A map of Fairfax County shows that SR 645 is somewhat circuitous: Wall Road is east-west, Lees Corner Road, Stringfellow Road, and the northern part of Clifton Road are north-south, the rest of Clifton Road is mostly east-west, and Burke Lake Road is northeast–southwest.

===Wall Road===
SR 645 starts in Oak Hill at a cul-de-sac between SR 28 (Sully Road) and SR 657 (Centreville Road). It goes one block and terminates at SR 657.

===Lees Corner Road===
At this point SR 645 turns south and is concurrent with SR 657, Centreville Road. SR 645 then turns southeast along Lees Corner Road in Herndon. It terminates at U.S. Route 50, Lee Jackson Memorial Highway, in Chantilly.

===Stringfellow Road===
At this point SR 645 turns east and is concurrent with US 50. SR 645 then turns south in Fairfax. Once south of U.S. 50, Stringfellow Road serves as the ZIP Code border between Chantilly (20151) and Fairfax (22033). The road passes through the Greenbriar development, where it intersects with SR 4831, Poplar Tree Road. It then passes by Fair Lakes' western end where the Fair Lakes Parkway terminates at SR 645. After this, Stringfellow Road passes east of the Stringfellow Road Park & Ride, a park and ride facility, and has an interchange with Interstate 66. From 5:30 to 9:30 a.m. weekdays, HOV-2 traffic is allowed to enter I-66 eastbound from Stringfellow Rd. Westbound traffic can exit onto Stringfellow Road at all other times, but the exit is restricted to HOV-2+ traffic weekdays from 3:00 to 7:00 p.m. South of the I-66 interchange, Stringfellow Road heads to an intersection with U.S. Route 29 (Lee Highway) at the Fairfax/Centreville/Clifton border.

A project was completed to widen Stringfellow Road from SR 7735 (Fair Lakes Boulevard) to US 50 from two lanes to four (Stringfellow Road from Interstate 66 to US 29 was widened to four lanes in the 1990s). The rationale for this project was that VDOT saw that Stringfellow Road was a major connector between US 29 and US 50, and was a very congested road.

The project included:
- Five- to six-foot-wide (5 to 6 ft) sidewalk on the west side of the road
- Ten-foot-wide (10 ft) shared-use path on the east side
- Wide curb lanes in order to accommodate bicyclists

Stringfellow Road is named after Confederate spy Benjamin Franklin Stringfellow.

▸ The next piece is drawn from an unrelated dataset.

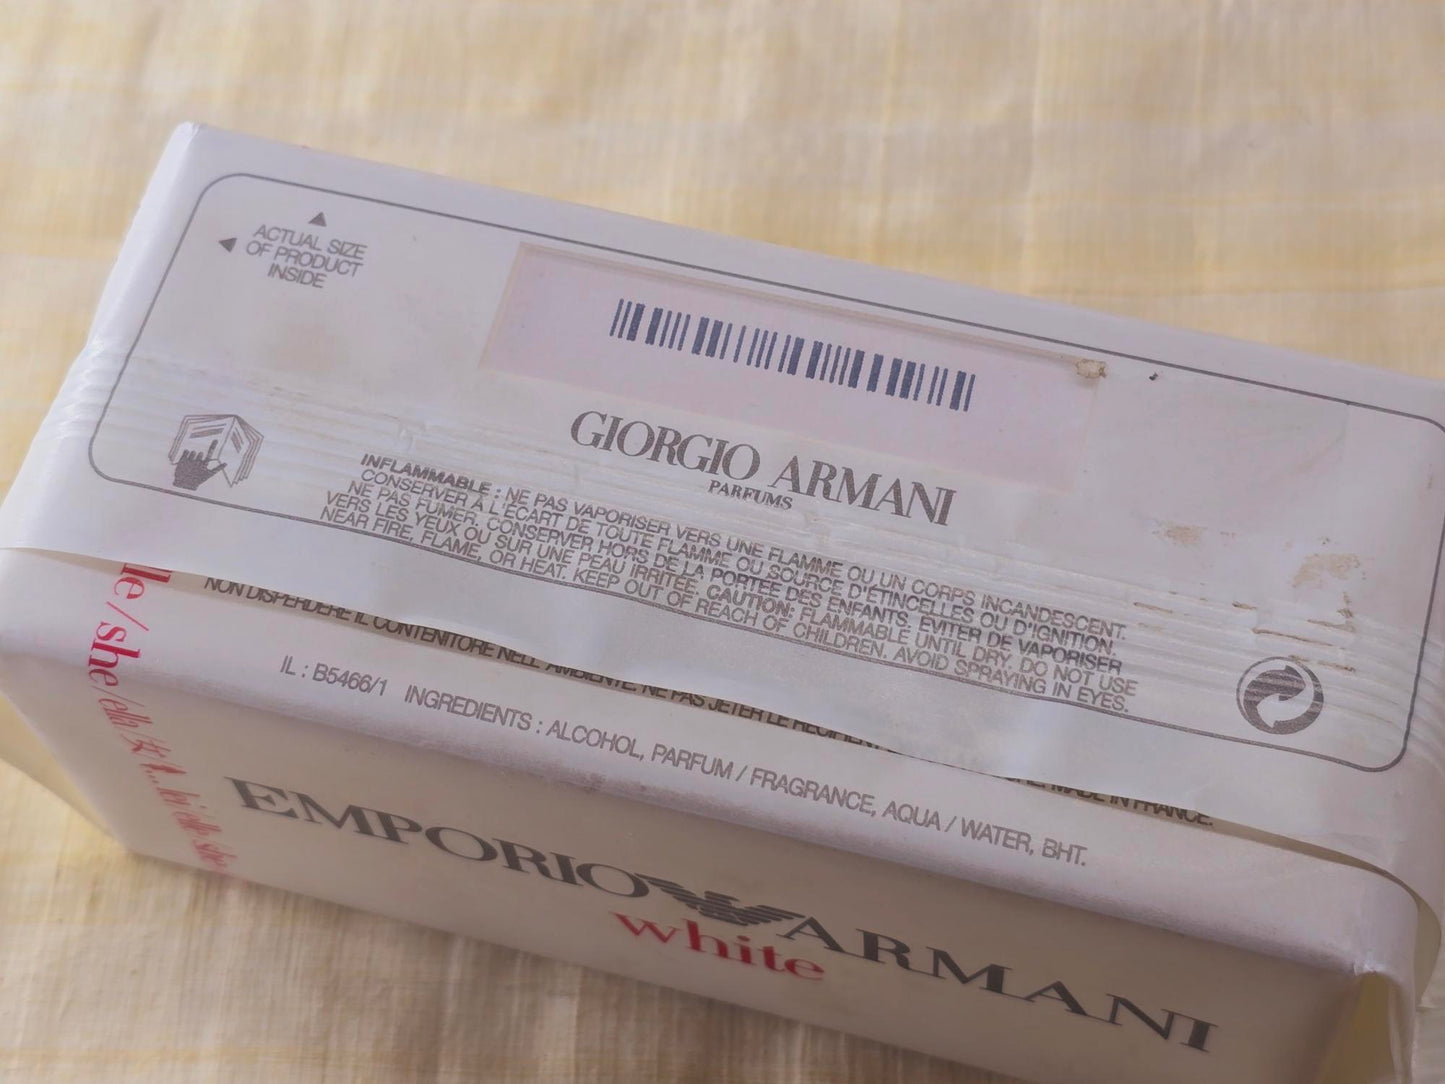 Emporio Armani White For Her Giorgio Armani for women EDT Spray 50 ml 1.7 oz, Vintage, Rare, Sealed

===Clifton Road (north of Clifton)===
After crossing U.S. 29, SR 645 becomes Clifton Road and has entered the Clifton ZIP code (20124). The road remains four lanes and the speed limit remains 45 MPH. After about half a mile the road intersects with SR 620, Braddock Road. After crossing SR 620 Clifton Road reduces from four to two lanes, although the speed limit remains 45 MPH. After passing by the Twin Lakes Golf Course, the road intersects with SR 654, Popes Head Road, and enters a rather equestrian area for about 3 mi before reaching the Clifton corporate limits. During that approach the speed limit is gradually reduced to 25 MPH before intersecting with Newman Road. The road then turns and enters the town. This portion of SR 645 has been designated a Virginia Byway.

===Main Street (town of Clifton only)===
In the town SR 645 intersects with Chapel and Kincheloe roads before it leaves the town (one must turn left to stay on SR 645). Also in the town SR 645 crosses the Southern Railway (US) tracks. Infrequently SR 645 is impassable due to flooding from Pope's Head Creek.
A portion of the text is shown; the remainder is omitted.